Vols. VI–VIII: Literature of the Republic, Part III., 1835–1860
 
The Nation’s Progress
By Caleb Cushing (1800–1879)
 
[Born in Salisbury, Mass., 1800. Died at Newburyport, Mass., 1879. From a speech at Baltimore, Md., 11 July, 1853, made while journeying from Washington with Franklin Pierce, to open the Crystal Palace at New York.]
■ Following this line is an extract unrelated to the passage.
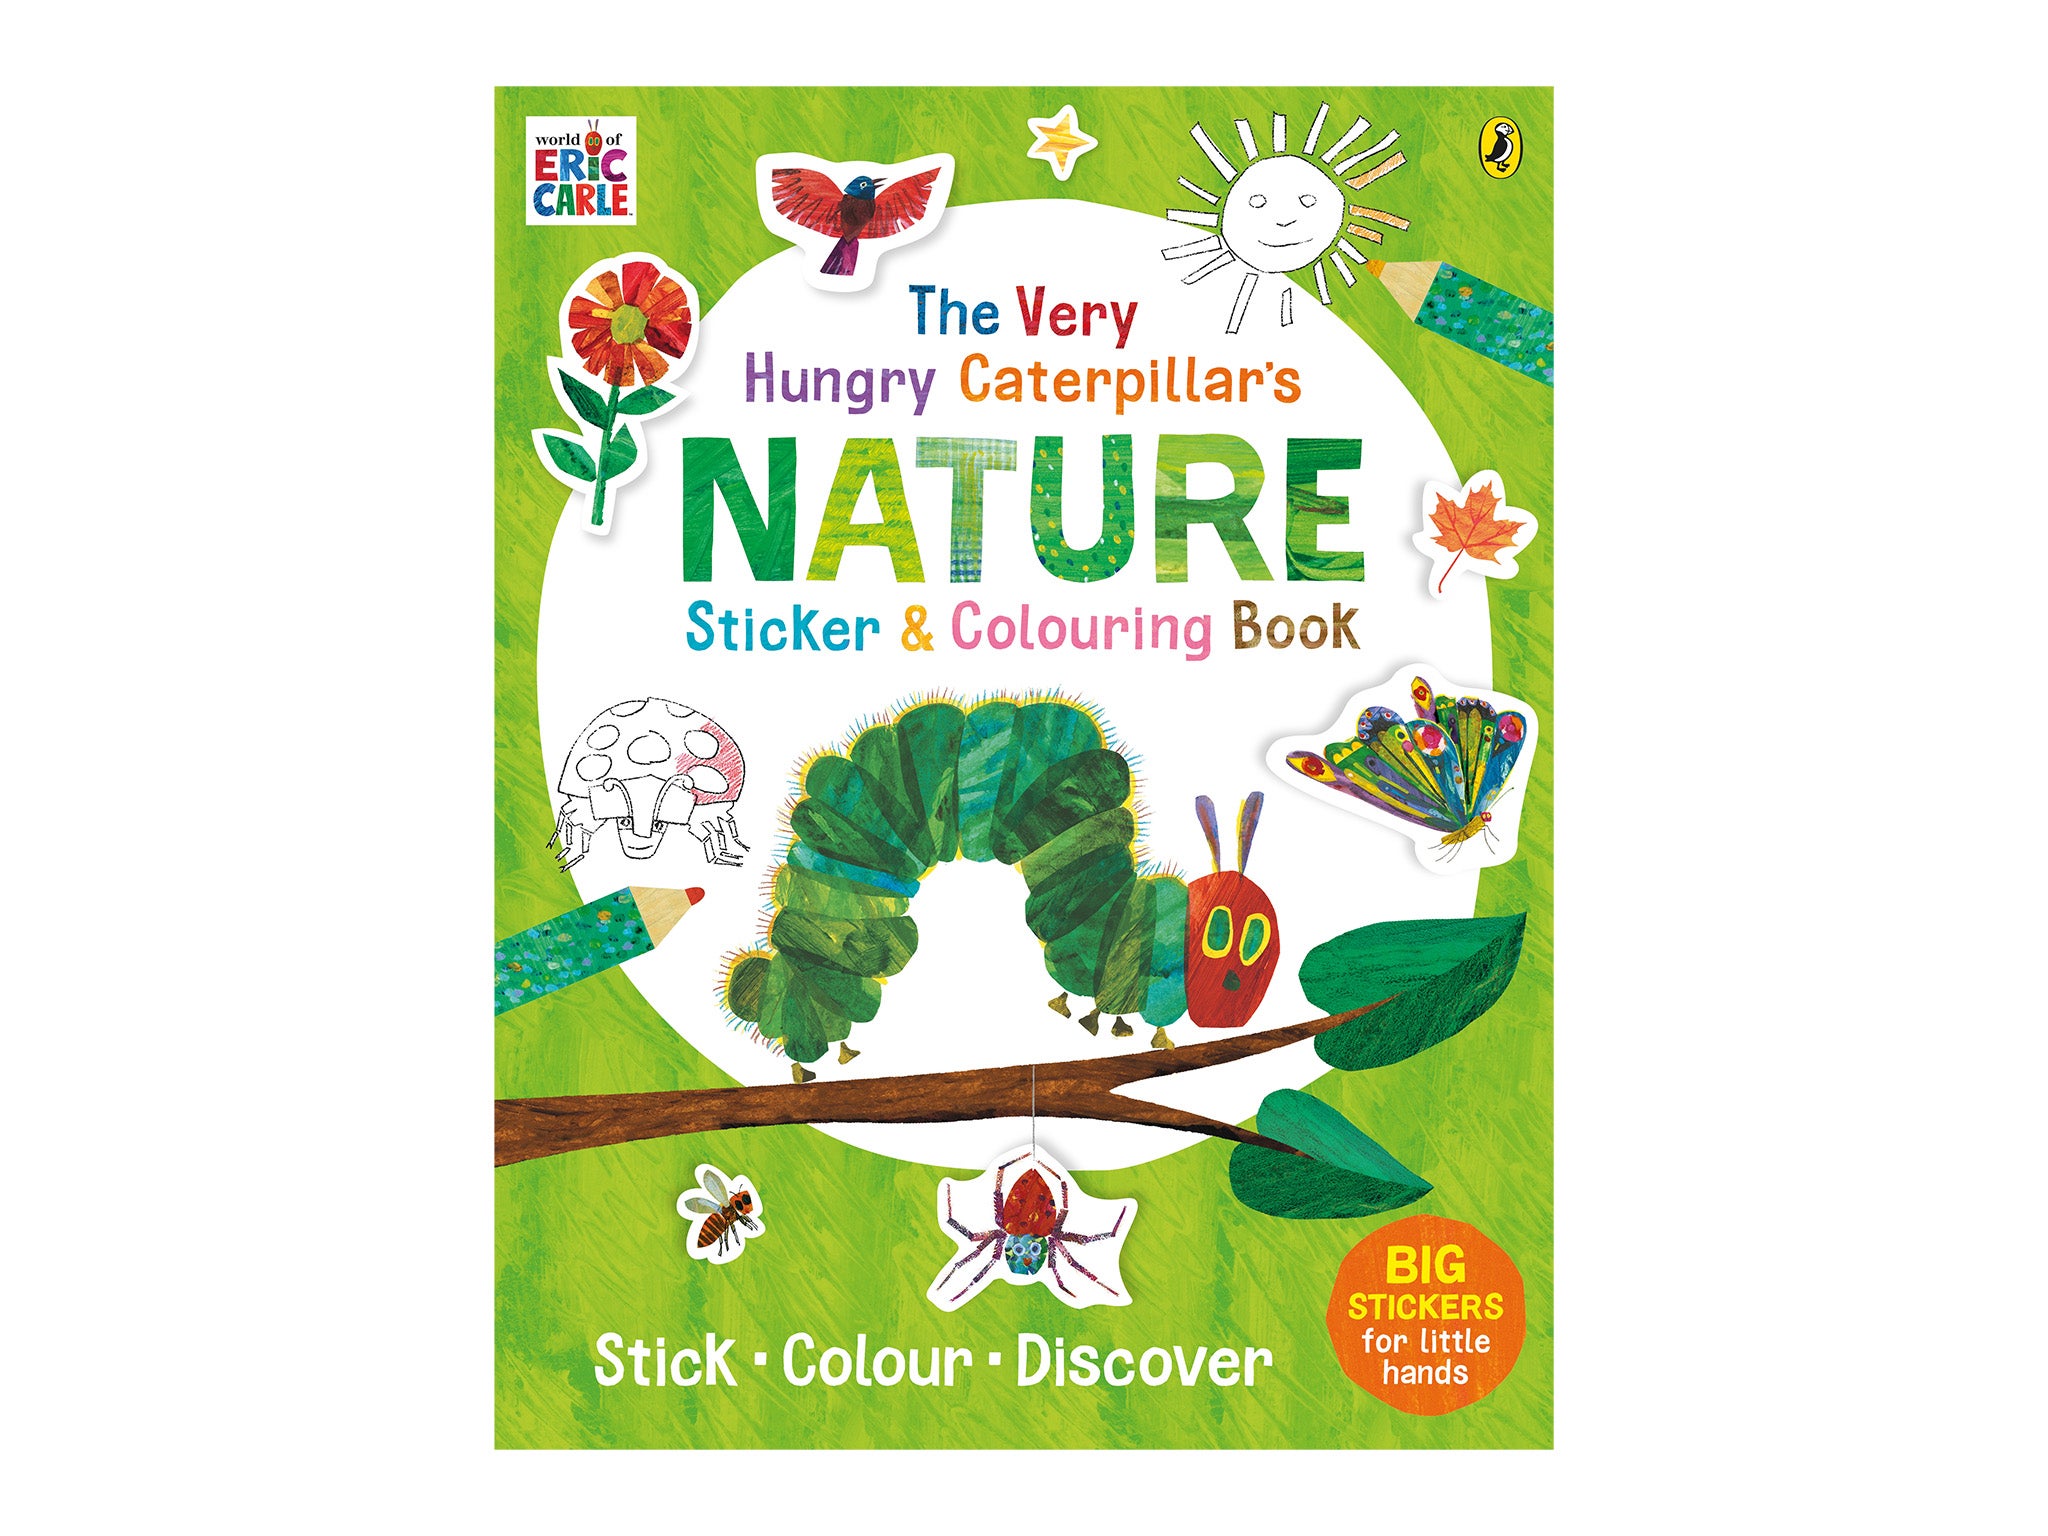 The Very Hungry Caterpillar’s Nature Sticker and Colouring Book, published by Puffin .jpg

THERE was a time—and I see before me some few gray heads who may remember it—there was a time when the United States consisted of a narrow ribbon, as it were, of territory, extending along the shores of the Atlantic Ocean. When the thirteen United States, strong in their sense of right—strong in their sanguine anticipations of the future—strong in the vigor of wise and good men—when these thirteen United States, I say, dared the power of Britain, we were then a comparatively humble people, occupying merely the narrow slope of the mountains looking towards the Atlantic. Time passed on. To those days of feebleness followed that period in which the vast Valley of the Mississippi—the vastest body of cultivable earth that exists, in one mass, on the face of the earth—I say, the time came when that vast Valley of the Mississippi was opened to the enterprise and the industry of Americans. And then it was that the symbolic eagle of our arms took its flight across the Alleghanies, and spread its protecting wings over that great and rich Valley of the Mississippi. Then, then it was that we began to feel that we were great—that there might be, in the future, some untold destiny of magnificent greatness and glory for those original thirteen States. I say, we then first began to feel that it must and should be so. And it has become so; for that Valley of the Mississippi region, almost unknown to geographical inquiry, looked upon as the yet unconquered home of the savage,—what is it now? Is it not now the glorious, the unparalleled centre of these United States?…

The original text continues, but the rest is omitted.